As each vial is consumed, the characters’ physical abilities begin to mutate—starting small with heightened flexibility, pec flexing and beatboxing. But as the drinking continues, they attain more and more powers while simultaneously wearing less and less clothing.
As the trio levelled up, so did the stunts. Highlights included a flip-filled teeterboard routine, a trapeze sequence with a performer suspended by nothing but a mouthpiece, a tangle and twirl rope sequence rising up to the apex of the tent, and, unforgettably, a heart-stopping knife-throwing act that had blades landing mere inches from the acrobats’ dancing bodies.
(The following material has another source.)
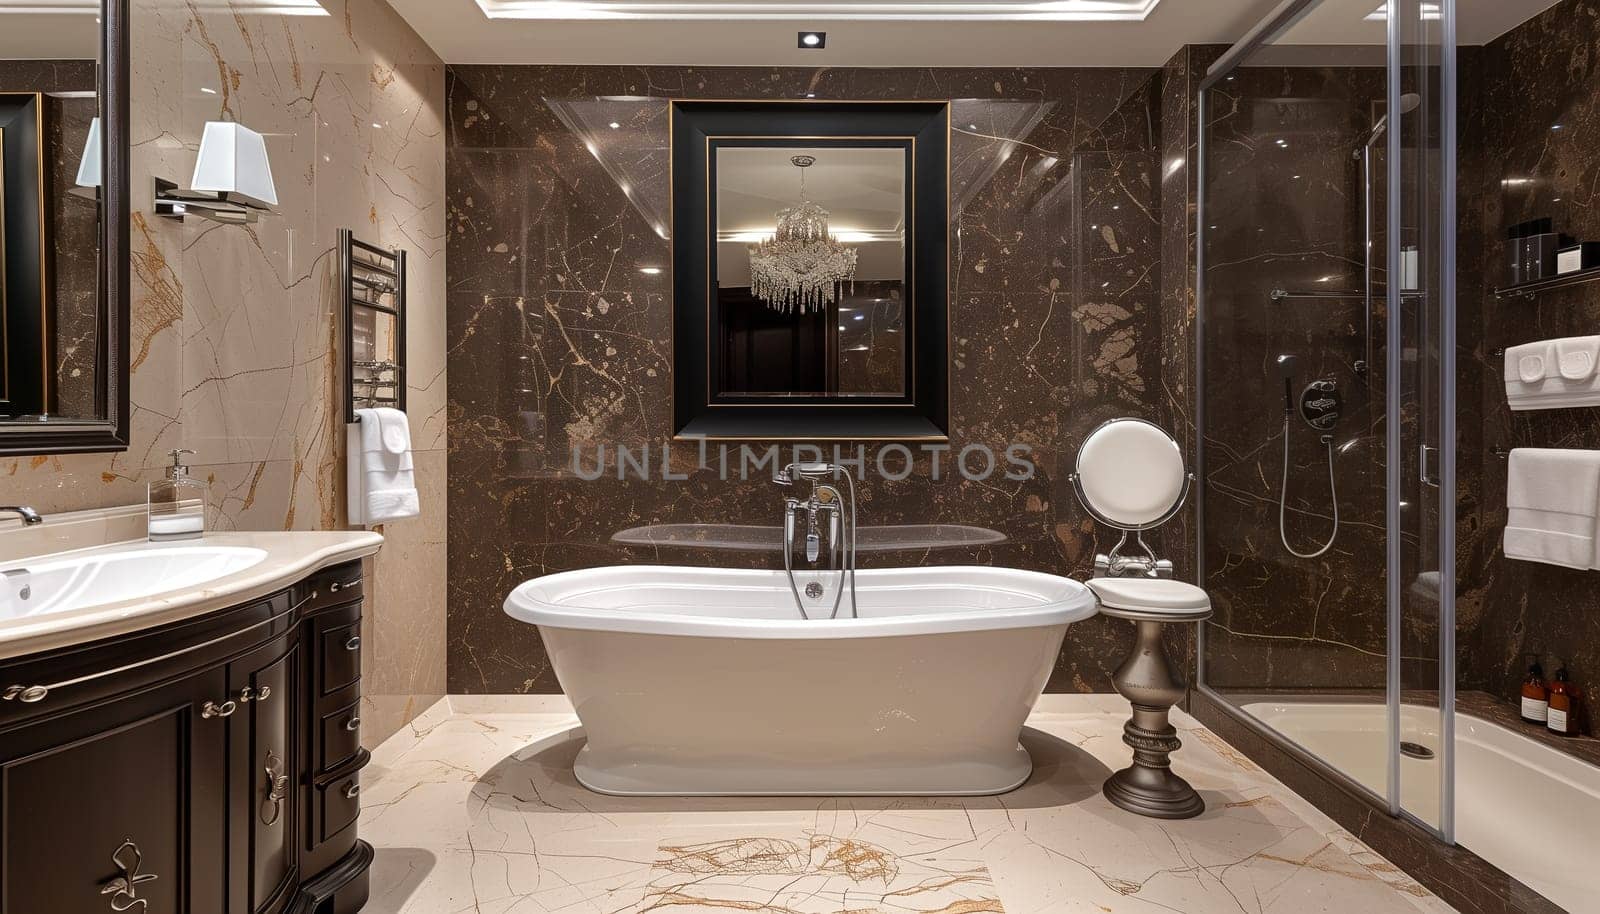 Beautiful Large Bathroom in Luxury Home.
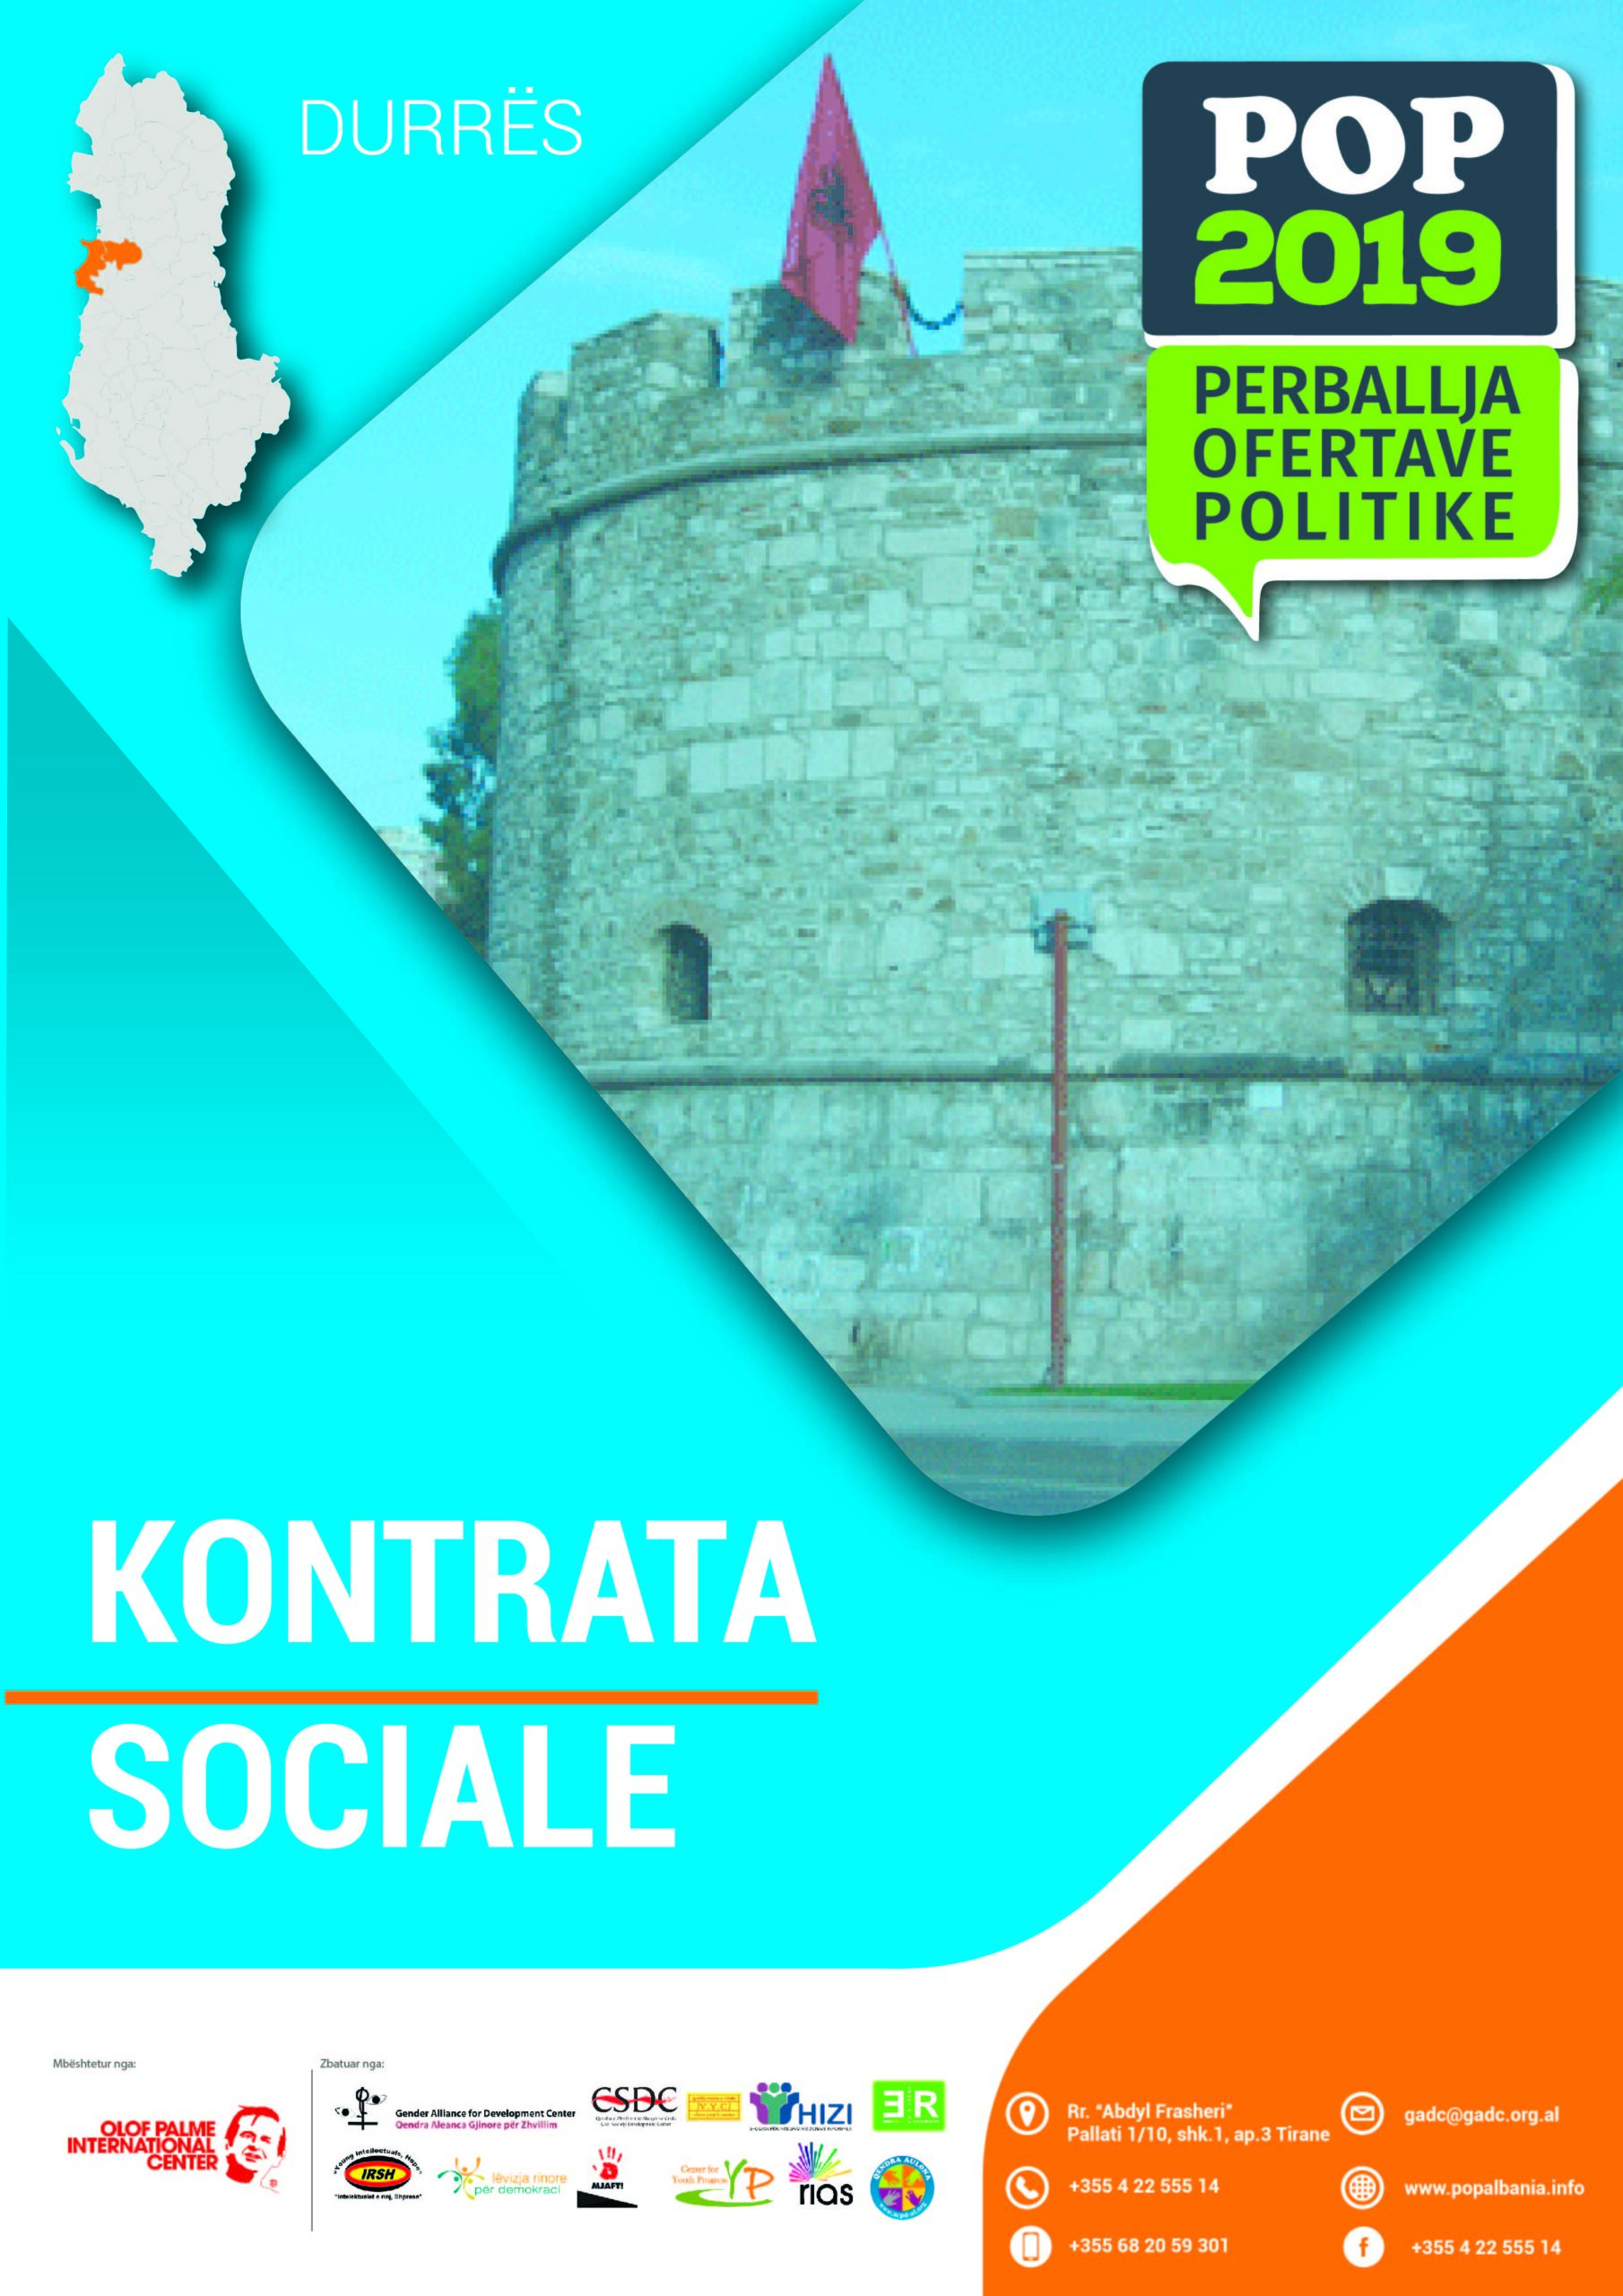 Kontrata Sociale me prioritetet kryesore Durrës

Apart from the stunts, the show was peppered with cheeky skits and twists to keep the audience amused—an ‘errant’ knife throw here, a urine sample gone awry in the front row there, even a zombie moonwalking across the stage. The acrobats’ mischievous rapport with the crowd only grew as the night went on, and at times it felt they were going to dissolve into laughter along with the audience.

For the most part this was done well, but some of the transitional moments slowed the pace. With a largely scriptless narrative, there were points where momentum dipped and it felt like the cast were filling time while the next act was being set up.
Described as ‘Cirque Du Soleil meets Magic Mike‘, Elixir Revived met its expectations for its jaw-dropping stunts and its ability to make the girls go ‘wooo’. If you’re chasing high-flying acrobatics, slapstick humour and a sugary dose of eye candy, this show won’t disappoint.
And judging by the quality of this show, it would be well worth checking out Head First Acrobats’ other Fringe offering, Lash Out, an all-female circus cabaret taking over the Lotterywest De Parel Spiegeltent this week for the final five days of Fringe World 2026.